The UAE is taking delivery of China's L15 fighter jets. Image: Facebook

The UAE announced this month plans to buy a dozen L15 light trainer-attack aircraft from China and unveiled its first swarming drones with AI technology, the Gulf state’s latest effort to diversify its arms providers and bolster its defense industries.

The UAE defense ministry announced it would sign a contract with the China National Aero-Technology Import & Export Corporation (CATIC) to buy 12 L15 light trainer-attack aircraft, with the option for 36 more units.

According to Tareq Al-Hosani, the CEO of the Tawazun Economic Council, the UAE’s defense procurement authority, the jets “aim to develop the UAE’s defense capabilities and to achieve its strategic priorities.”

Wang Yanan, a Chinese defense expert with the Chinese state-affiliated newspaper Global Times, stated that the L15 is marketed as an alternative to aircraft of the same class produced by the US, UK and Italy.

He added that its jet is now on par with competing models from those countries at a lower price. He also claimed the L15 was suited for Middle East’s operational environment, as it could perform both training and combat missions.

Apart from the jet purchase, this month the UAE also revealed its Halcon Hunter 2-S swarming drone. Halcon Chief Executive Saeed Al-Mansoori said each Hunter launcher can carry up to 21 drones, with the drone control application capable of controlling 36 units.

Halcon also aims to upgrade the system to be capable of launching up to 70 drones from one truck equipped with three launchers. The expendable drones are also easily replaceable, as they are manufactured using 3D-printing techniques.

The drones are said to be able to communicate with each other through a main channel that communicates with all drones in the swarm, facilitating information sharing between individual drones for tracking, maintaining positions and engaging the right targets.

The drone’s targets may include enemy aircraft on the ground or vehicle convoys. 

Last year, the UAE signed a deal with France for 80 Rafale jets in the biggest order made since the type entered service in 2004. This deal makes the UAE the second Gulf operator of the French-made jets after Qatar, which has bought 36 units. 

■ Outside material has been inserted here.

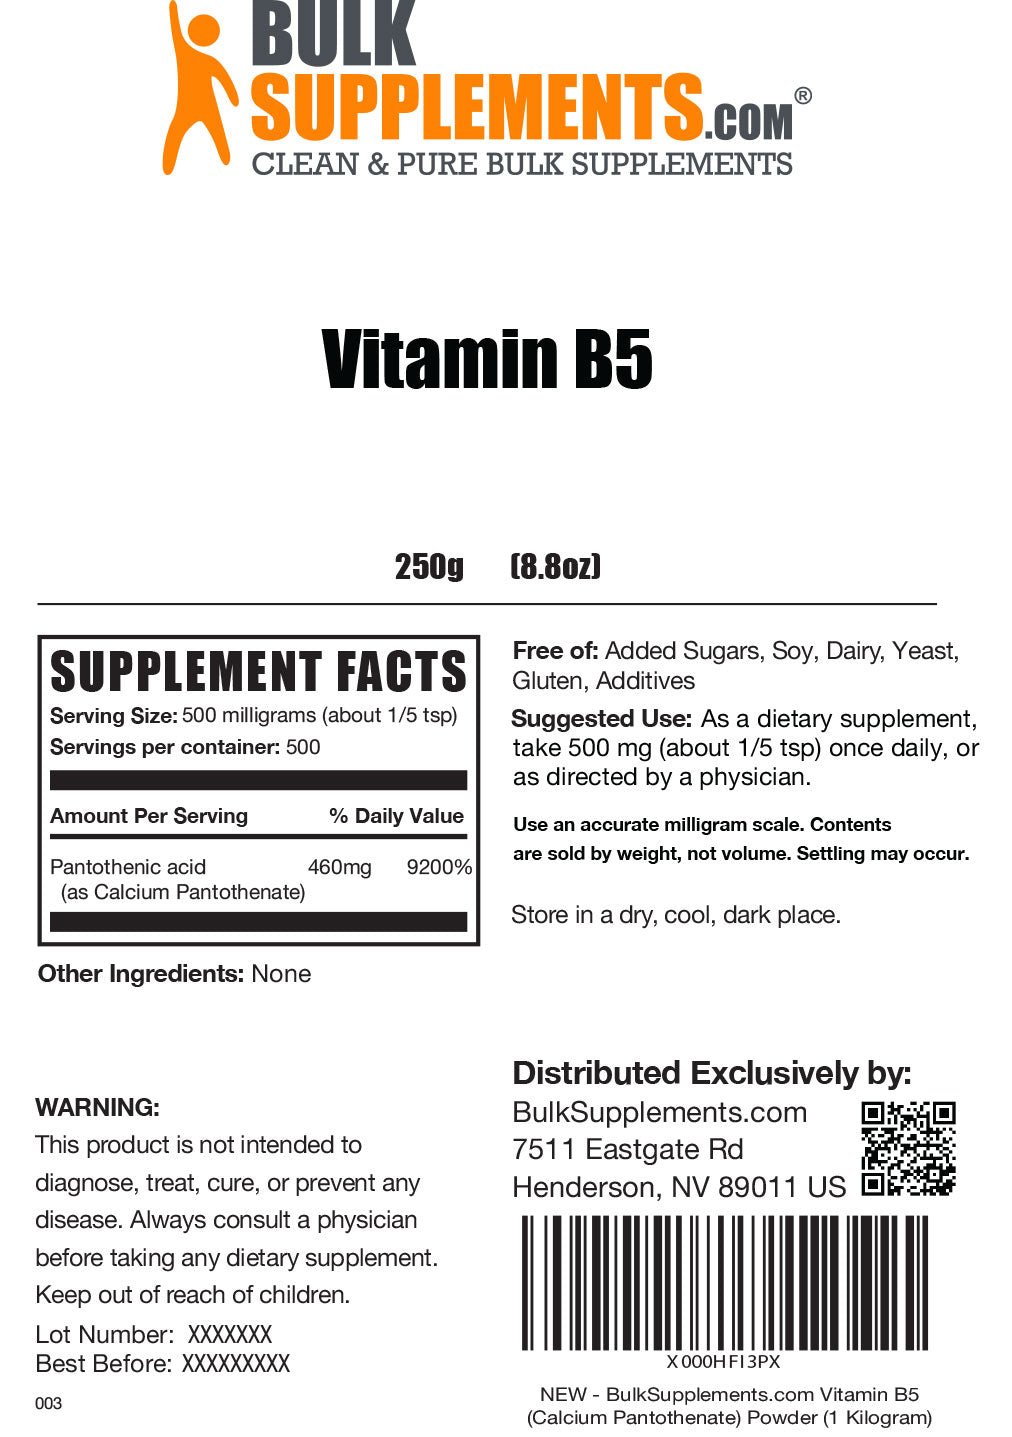 BulkSupplements.com Vitamin B5 Powder Label 250g

A rendering of the Su-75 Checkmate fighter. Photo: Rostec

Talks over Russia’s Su-75

In addition, the UAE has started talks on co-producing the Su-75 stealth fighter with Russia. If the talks push through, this move would be economically beneficial for the UAE as it attempts to diversify its oil-dependent economy.

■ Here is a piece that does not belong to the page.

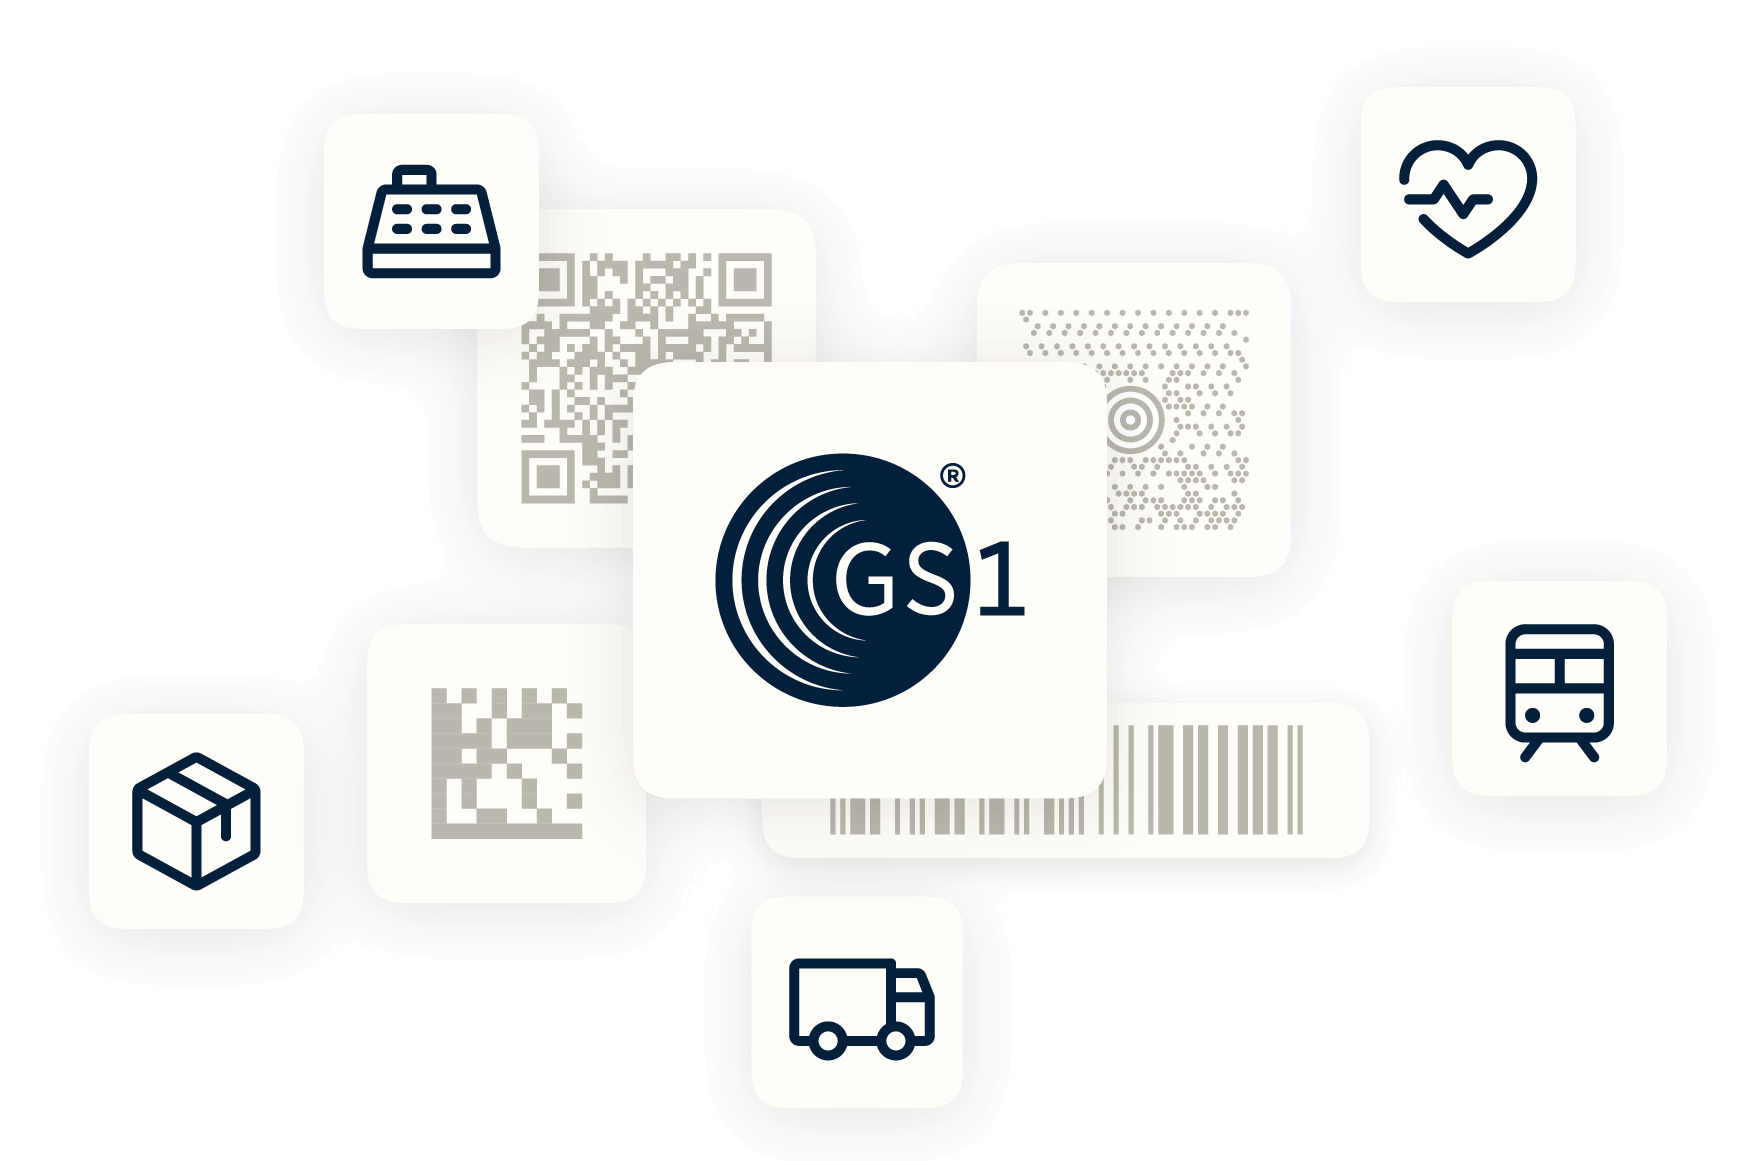 GS1 logo alongside a barcode and QR Code

The deal also aims to revitalize Russia’s struggling defense industry, which has been hobbled by sanctions, corruption, aging talent, relatively obsolete products and constraints imposed by operating in an administrative rather than commercial market. 

The UAE’s moves come during an impasse over a US$23 billion F-35 fighter jet and Reaper drone deal with the United States, as the UAE rejected US end-user terms to safeguard these sensitive assets from Chinese espionage.

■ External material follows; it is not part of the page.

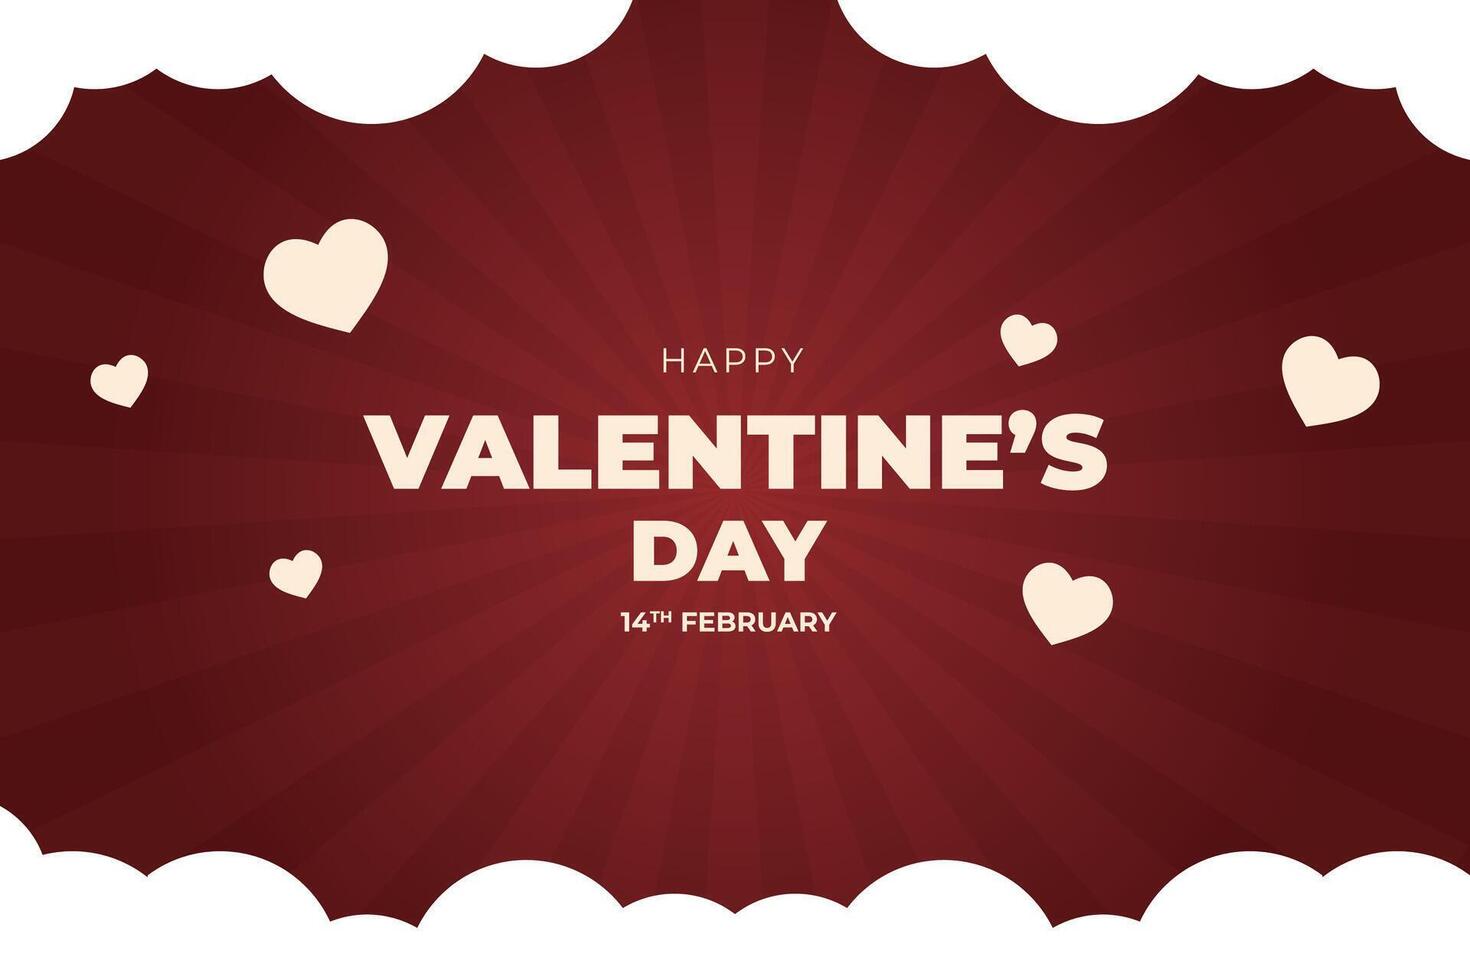 Celebrate Happy Valentine's Day, Valentine's Day hearts background. vector

Among US conditions was for the UAE to drop Huawei from its networks before it could receive the sophisticated jets in 2026 or 2027. Emirati officials insisted they needed a longer timetable should they decide to remove Huawei, plus an alternative that is just as affordable. 

Despite that, the US remains the UAE’s preferred supplier of military equipment, as the UAE operates a large fleet of F-16 fighters, the backbone of its air force. 

The UAE’s aircraft deals with China, France and Russia point to a determined effort to diversify its arms providers, in view of an uncertain relationship with the US.

The US’ Pivot to Asia shifted its strategic attention from the Middle East to the Asia-Pacific, which meant lesser military resources and assets to address Iran and the threat of terrorism in the region. 

The Trump administration’s demeaning rhetoric towards regional power Saudi Arabia, and the disastrous US withdrawal from Afghanistan, may have also influenced the UAE’s decision to reduce its dependence on the US.

The UAE’s Hunter S-2 drones. Photo: Facebook / The Drive

These may have exposed US profiteering motives from its regional partners and allies and cast doubt over US military commitment. 

In addition, the UAE’s Hunter S-2 drone program may be part of larger efforts to position itself as a leading autonomous weapons exporter. As the UAE is a small but rich country, it can employ autonomous systems as a force multiplier, which is a significant shift from deploying big-ticket items such as the F-35.

The Hunter S-2 drone may be the UAE’s first foray into the export market for autonomous weapons systems, competing with established players such as Israel and Turkey.